Prisoner of War Read online

Page 2

She had been forced to abandon her father’s car on the road to Pascuallita. There were too many refugees fleeing south to the city for her to move farther north against the tide. Although she didn’t want to lose the protection the car provided, she thought she would make better time on foot.

  Within minutes, as she struggled to push her way through the stream of humanity to the side of the road, she knew she was wrong. There were just too many people and she was too short and too light to barrel her way through them. She stepped off the road into the thick growth on the side and peered into the dappled shadows under the canopy. It looked as if it might be easier to move in there. She could walk a few yards away from the road and keep parallel with it so the road would guide her to Pascuallita.

  She forced her way past the growth hemming the road and it did seem lighter and easier to move along. Feeling slightly happier, she turned to the north and worked her way around the trees in her way, glancing over her right shoulder every now and then to spot the road and the long stream of people, cars and other modes of transport all heading south.

  Her spirits lifted. It would take much, much longer to reach Pascuallita now, but at least she knew she would make it. When she got there, she would check on Duardo’s family to make sure they had survived the initial outbreak of violence when the Insurrectos had made their move. There was a chance Duardo would be there. He would not casually abandon his family. He had too long been their protector.

  If he was not there, then from Pascuallita she remembered the way to the base. On foot, she could sneak up on it and scout around to see if she could find news of Duardo.

  She paused for a rest after an hour of steady progress and mopped her brow. The air was thick and musty under the tree tops. It was only then she realized she couldn’t hear the murmur of people and the muted throb of motors. She spun to face the road, her heart hammering.

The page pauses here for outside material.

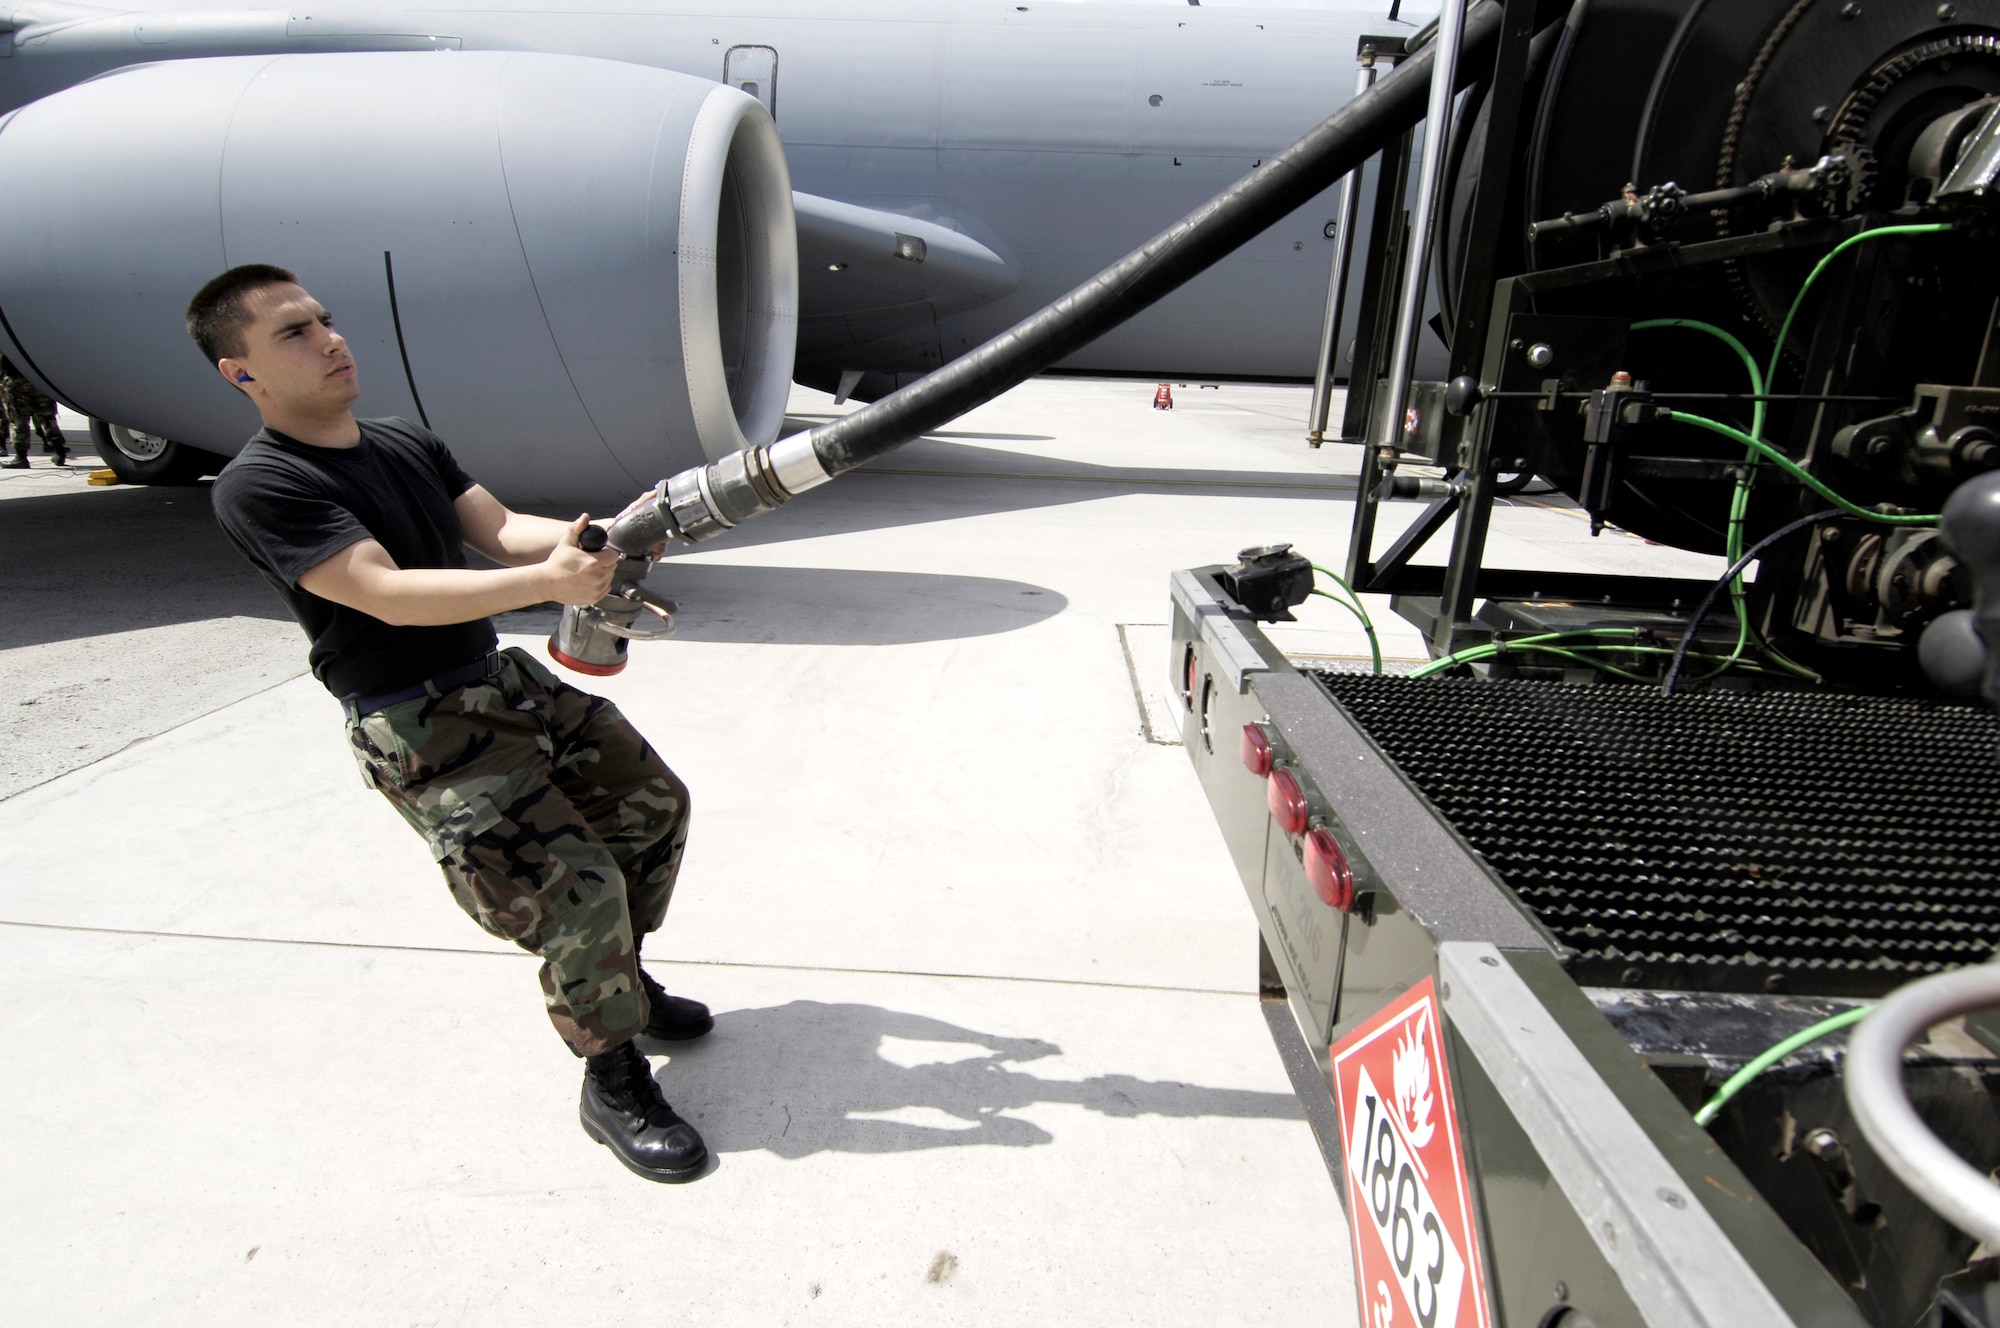 Airman Richard Hedden, 92nd Logistics Readiness Squadron fuels specialist, pulls out a single point fuel line as he prepares to refuel a KC-135. The hydrant service vehicle is capable of pumping up to 750 gallons per minute.

  It was nowhere in sight.

  Oh my god. She clutched at her chest as her heart lurched, giving out a queer pang that made her feel like puking. Cold sweat prickled under her arms and down the back of her neck. “Oh shit,” she whispered. The loss of visual contact with the road was bad. Very bad. It was her only means of measuring direction.

  She turned slowly on her heels, a full circle, peering through the trees. She hoped to see something. Movement of some kind. A spot of whiter, brighter light that marked the end of the canopy. Anything that would indicate people, civilization.

  The forest was uniformly shadowed, green and still.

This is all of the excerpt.